Now substitute Tweedie's formula (2) into the ODE (4) to get rid of the abstract score and put our trainable denoiser front and center:

\frac{d\mathbf{z}_\sigma}{d\sigma} = -\sigma \cdot \frac{D - \mathbf{z}}{\sigma^2} = \frac{\mathbf{z} - D}{\sigma}

To actually solve an ODE on a computer you take small steps. Euler's method, the most basic method in numerical analysis. From a point $\mathbf{z}$ at noise level $\sigma_{\text{prev}}$ , you step to the next, lower level $\sigma_{\text{next}}$ by moving along the velocity for the length of the step:

\mathbf{z}_{\text{next}} = \mathbf{z} + (\sigma_{\text{next}} - \sigma_{\text{prev}})\cdot\frac{\mathbf{z}-D}{\sigma_{\text{prev}}}

The paper itself writes the displacement in the opposite order. There are two minus signs to track. The ODE (4) has a minus in front, so you head downhill in noise (the minus isn't reversing the score direction; it's there because decreasing $\sigma$ is the direction of generation). And you're walking the $\sigma$ -axis backward, from large $\sigma$ down to small, so your step $(\sigma_{\text{next}} - \sigma_{\text{prev}})$ is itself negative. Two reversals compose into forward progress. Let $\Delta\sigma = \sigma_{\text{prev}} - \sigma_{\text{next}} > 0$ be the positive size of the step, and the expression collapses to something you can read at a glance:

\mathbf{z}_{\text{next}} = \mathbf{z} + \frac{\Delta\sigma}{\sigma_{\text{prev}}}\big(D - \mathbf{z}\big)

(5)

In words: take a step a fraction of the way from where you are toward where the denoiser predicts the clean data to be. If your guess says the answer is at $D=2$ and you're sitting at $\mathbf{z}=5$ , you move to something like $4.25$ , closer to $2$ and never further. The denoiser determines the target direction; the noise schedule determines the step length.

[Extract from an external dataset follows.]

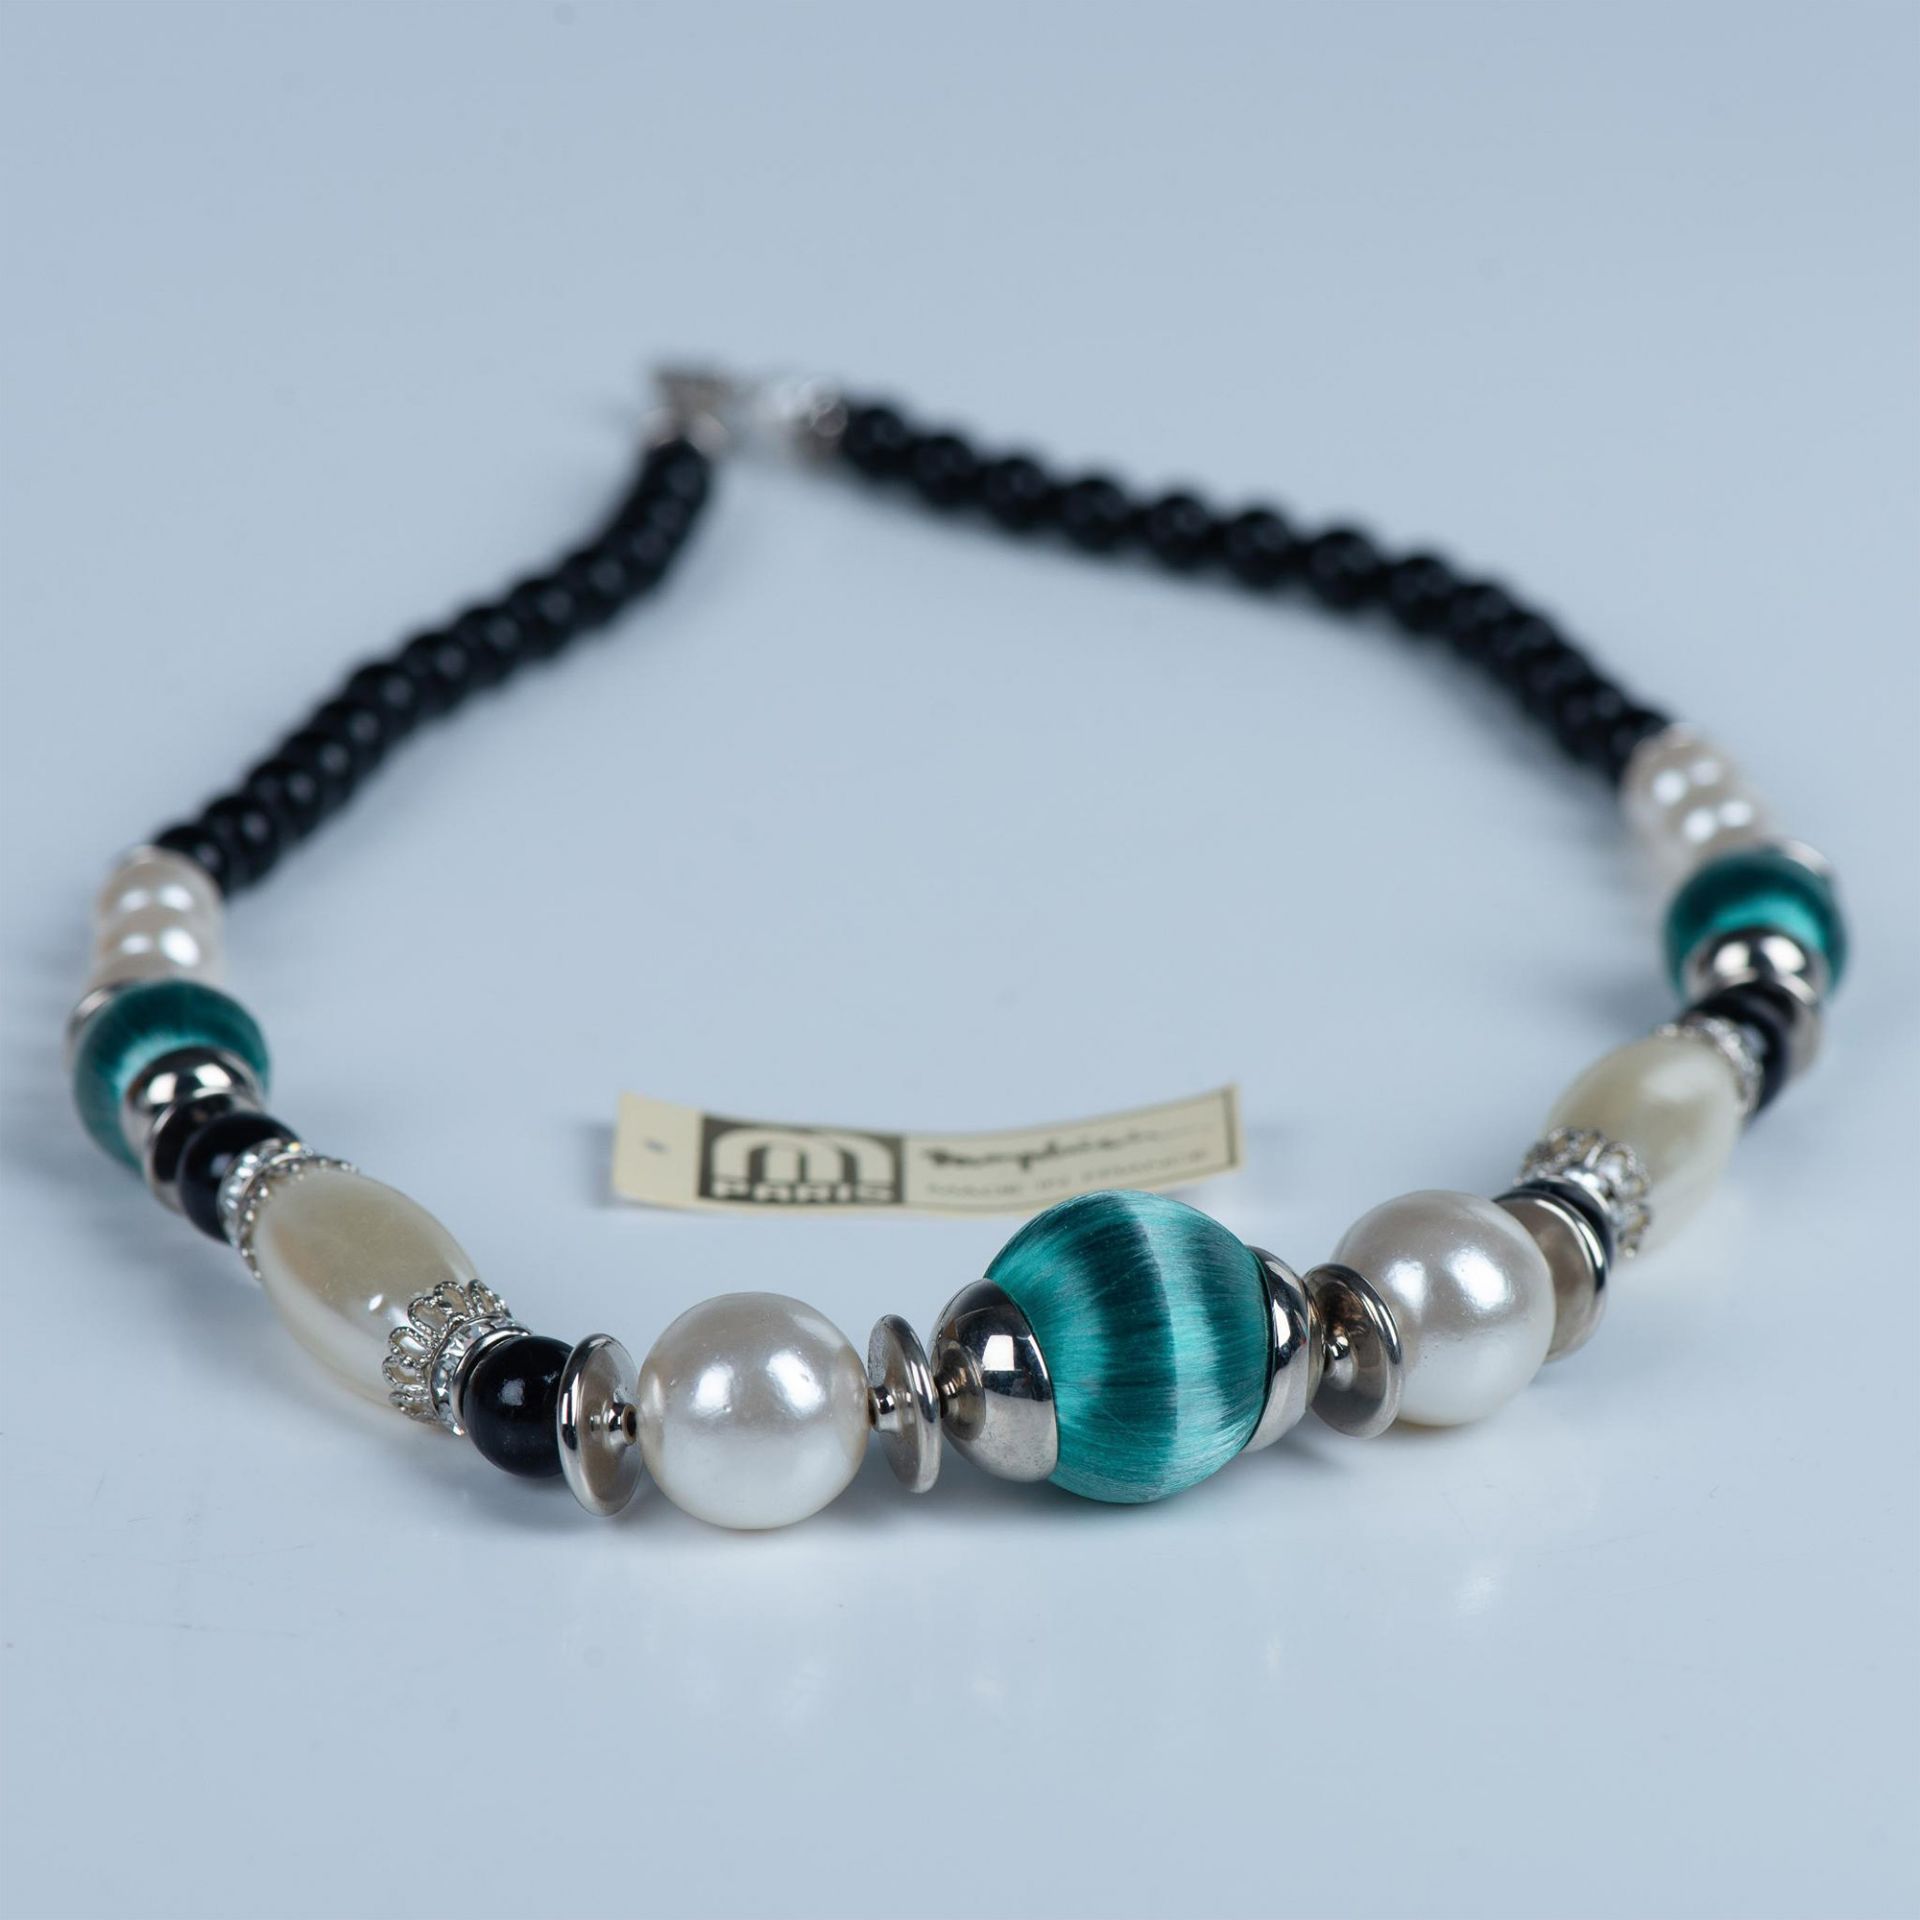 Monplaisin Paris White, Blue & Black Bead Necklace - Image 2 of 4

Euler is a first-order method. Its error per step shrinks like $\Delta\sigma^2$ , and the accumulated error over the full trajectory like $\Delta\sigma$ . Take coarser steps and you track the curve less accurately; take more steps and you track it better, which is exactly why fancier samplers add a second-order correction. That trade, more steps for a better approximation, also governs how many Euler steps each block takes.

Here is the reverse process running. Pure noise at the top, thirty-two Euler steps down the probability-flow ODE, and the particles settle onto the data:

Figure 4 · reverse generation

32 Euler steps · σ: 4 → 0

Generation walks the noise level down. Start from pure noise at σ=4, then take 32 Euler steps down the probability-flow ODE, nudging each particle along the score until it settles onto a data cluster. Every step is one residual update.

The arrows over a full run answer a question you might be sitting on: why does a particle keep changing direction on the way down? It falls straight out of the velocity, $(\mathbf{z}-D)/\sigma$ , and the fact that the denoiser $D$ is itself a function of $\sigma$ .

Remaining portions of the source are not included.